Technically, each of the chains are linked via witness nodes which are specialist nodes which can transmit transactions between chains. Witness nodes can transmit to chains which they are linked to but cannot see transactions or balances on the receiving chains – i.e. they are one-way gateways onto other chains. A Witness node will be owned and controlled by the sending chain so that any information it is privy to is still within the bounds of the controlling organisation.
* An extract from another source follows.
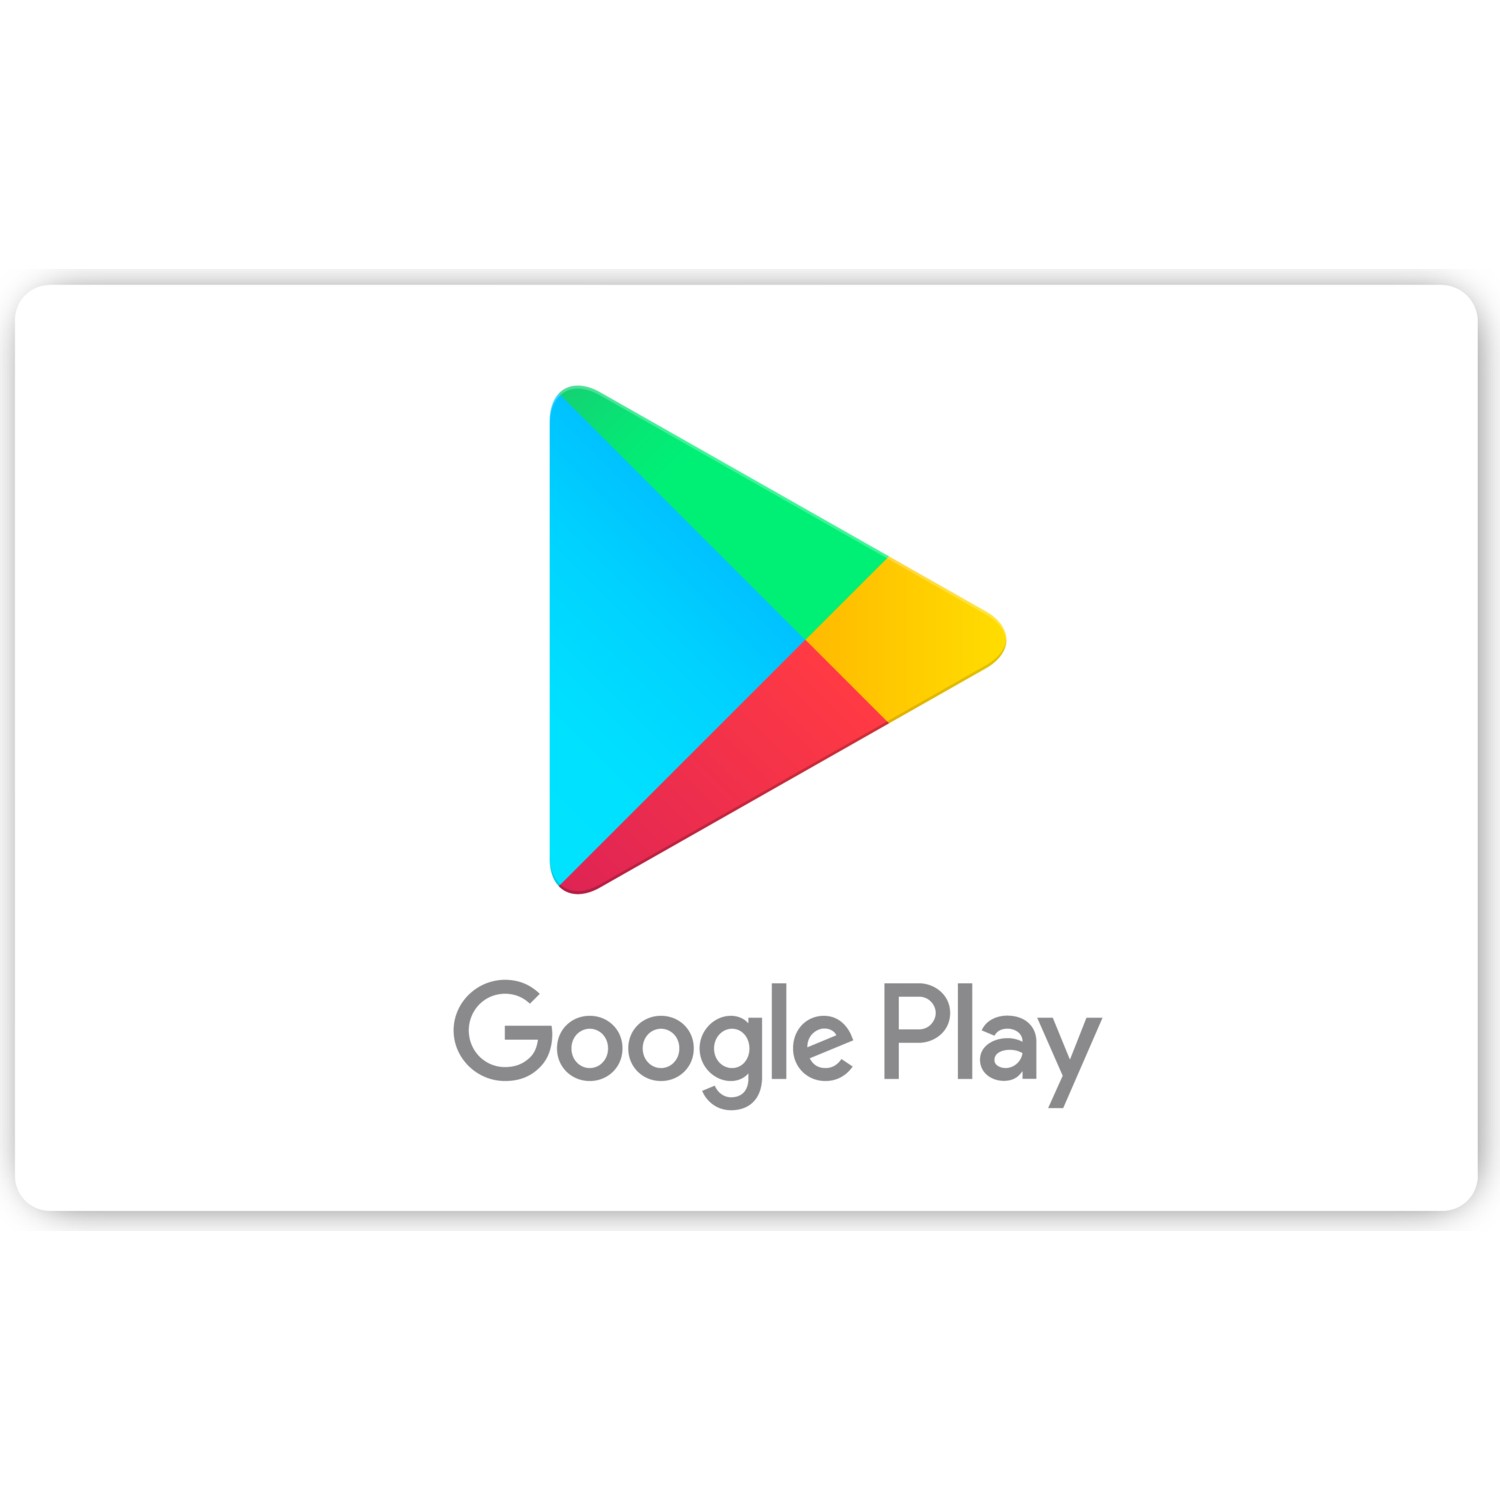 Where to buy Google Play gift cards - Google Play Help

An example configuration is shown below. Under such a configuration, the financial manager’s client positions are known only to the manager while its aggregate position is known to itself and to its custodian or sub-custodian. Similarly, the CSD knows the custodian’s aggregate position but not the underlying beneficial owners of the securities – which are on the blockchain of the custodian or the sub-custodian. In effect, the privacy model is identical to the model currently in place in the financial services industry.

image0

Privacy Profiles

Blockchain privacy generally falls into 3 categories

  • Organisational

The strongest form of privacy is to organise data transmission so that data does not get passed to participants who are not permissioned to see it.

  • Cryptographic

Cryptographic schemes allow for more widely distributed data on the basis that data is encrypted in a manner which can only be read by permissioned participants. Other participants may be able to perform some useful function without decrypting the data. Such operations are called homomorphic. Whilst such schemes are provably secure at the moment, it may be possible for participants to save information and decrypt it in years to come as certain cryptographic protocols are breached.

  • Behavioral

The weakest form of privacy is practiced by many of the public blockchains. Under these schemes, all participants see everything but do not know the identity associated with any particular public key. However, identity can often be extracted using out of channel information and statistical analysis. Under such schemes, users are encouraged to adopt behavioral techniques – such as one time key use – to obscure their behavior.

SETL’s Approach

SETL has opted for the strongest privacy model where data is only distributed to parties that have a right to that data.

The scheme described above mimics and is modelled upon the existing infrastructure for maintaining ledgers of ownership. Each of the blockchains is private with all of the nodes on each chain being controlled by a single party. Transactions and balances on each of the blockchains can only be seen by the controlling party (a party might be a set of independent infrastructure providers).

Transactions between parties are transmitted in a manner that updates the intermediate ledgers of the sub-custodian, the custodian and the CSD as required. At each level, only the bulk holding of the subsequent level is maintained – again analogous to the existing approach.

The method allows for the issuer to query the location of the assets within the network with such queries being authenticated and permission being in the control of each chain.